**MATERIAL PROVIDED:**

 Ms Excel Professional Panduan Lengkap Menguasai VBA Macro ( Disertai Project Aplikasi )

---

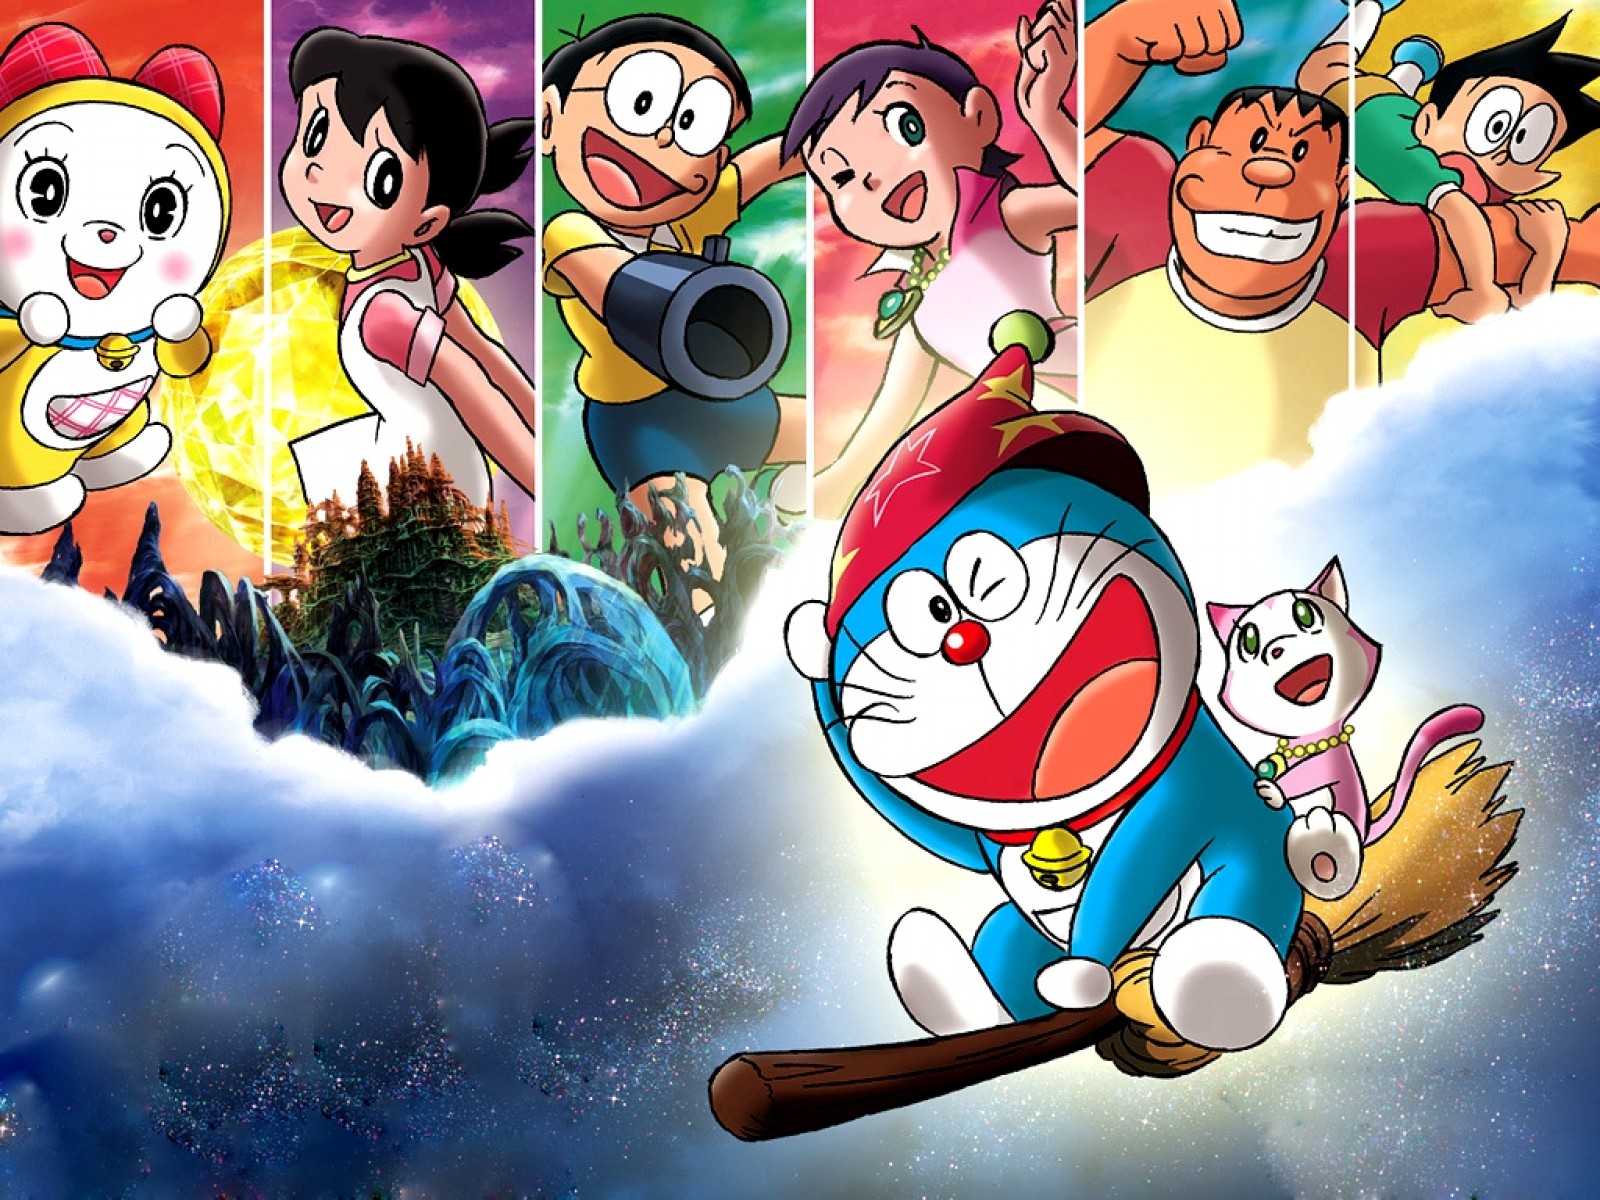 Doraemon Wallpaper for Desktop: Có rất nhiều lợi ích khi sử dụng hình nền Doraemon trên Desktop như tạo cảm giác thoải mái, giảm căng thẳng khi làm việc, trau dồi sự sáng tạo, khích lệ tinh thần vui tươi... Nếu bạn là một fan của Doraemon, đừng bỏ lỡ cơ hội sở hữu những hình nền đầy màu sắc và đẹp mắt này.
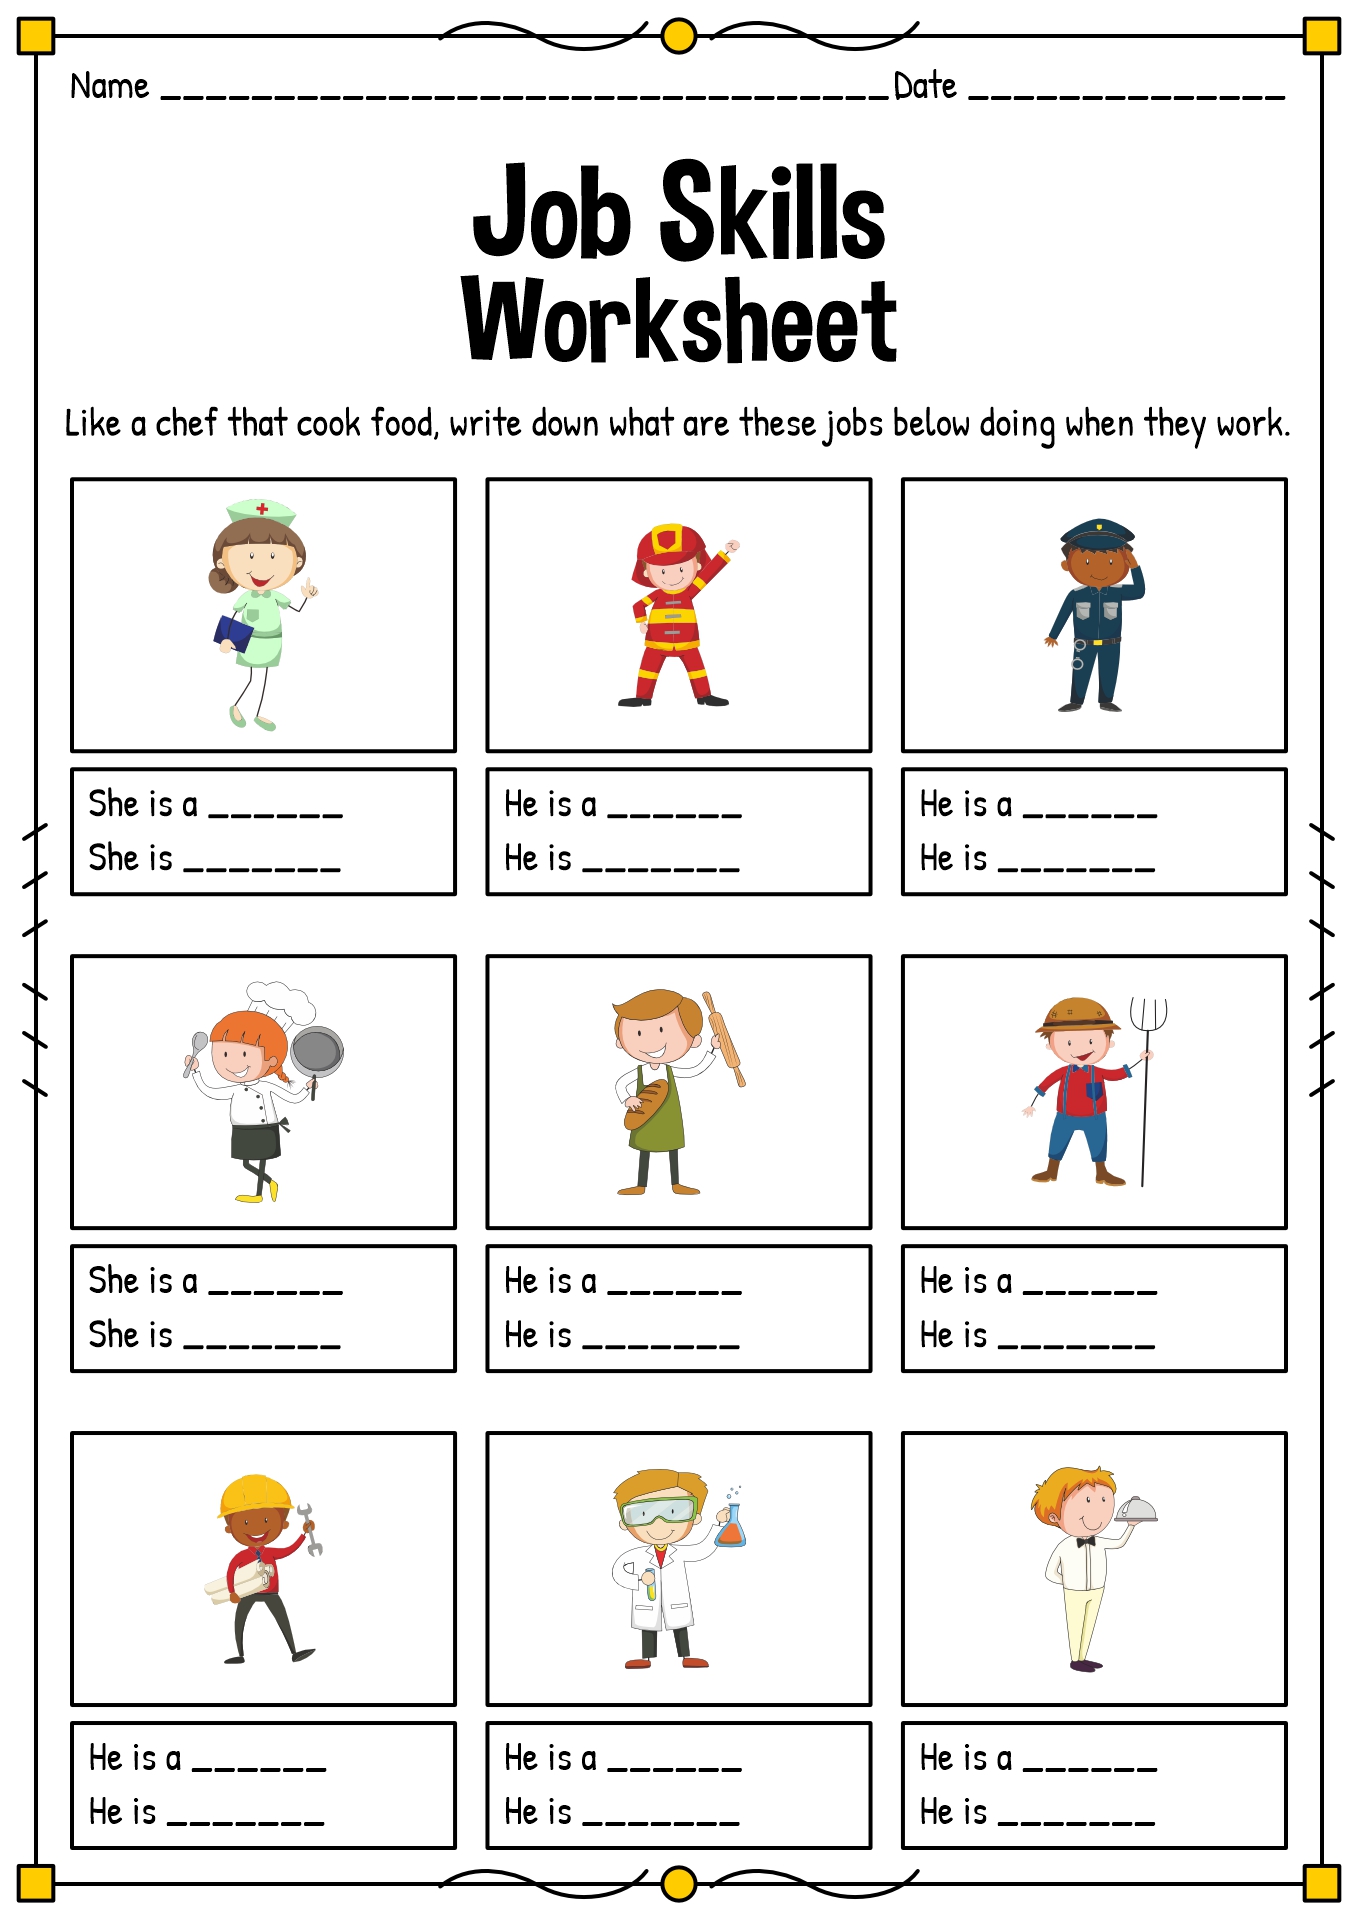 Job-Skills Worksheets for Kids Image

* * *

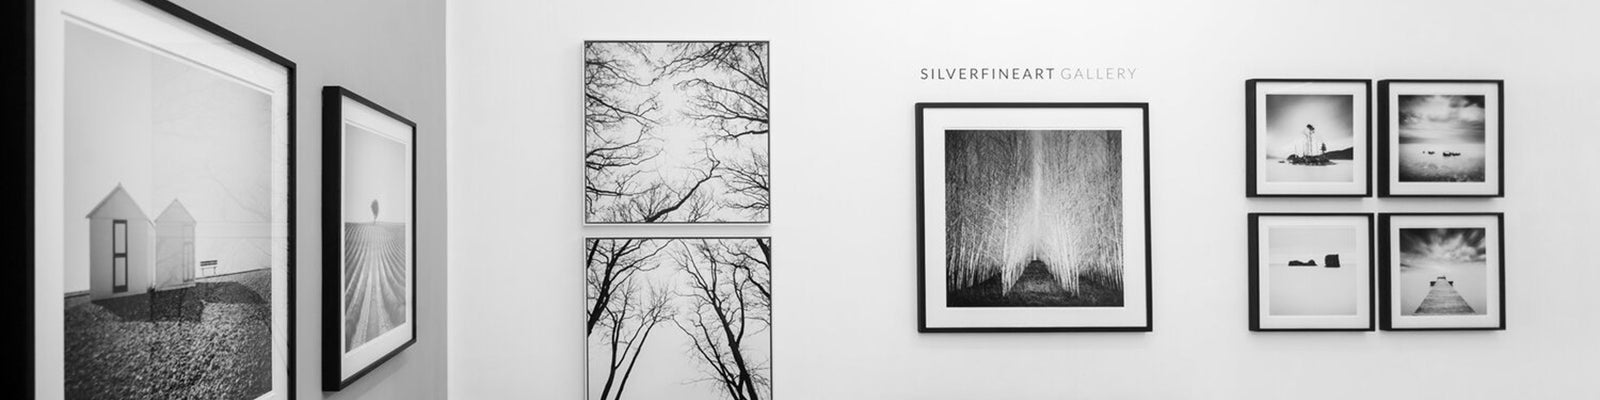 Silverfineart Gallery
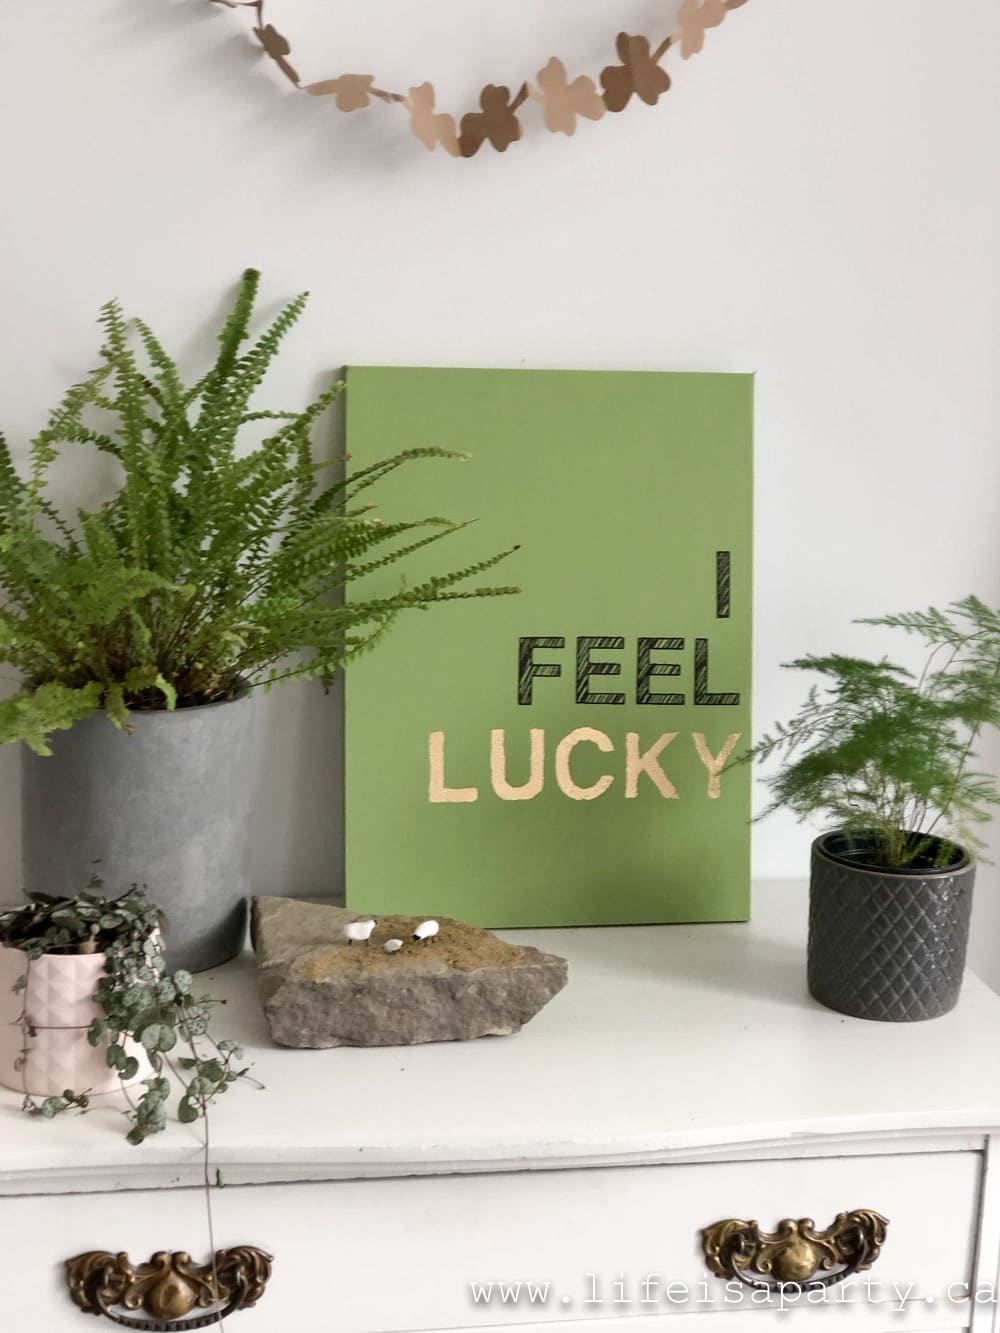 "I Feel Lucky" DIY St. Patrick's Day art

**WHAT IS NEEDED:** Without the pictures, give again exactly the lines above starting at the line containing "Doraemon Wallpaper for" and ending at the line containing "Job-Skills Worksheets for Kids Image".

**RESULT:**
 Doraemon Wallpaper for Desktop: Có rất nhiều lợi ích khi sử dụng hình nền Doraemon trên Desktop như tạo cảm giác thoải mái, giảm căng thẳng khi làm việc, trau dồi sự sáng tạo, khích lệ tinh thần vui tươi... Nếu bạn là một fan của Doraemon, đừng bỏ lỡ cơ hội sở hữu những hình nền đầy màu sắc và đẹp mắt này.
 Job-Skills Worksheets for Kids Image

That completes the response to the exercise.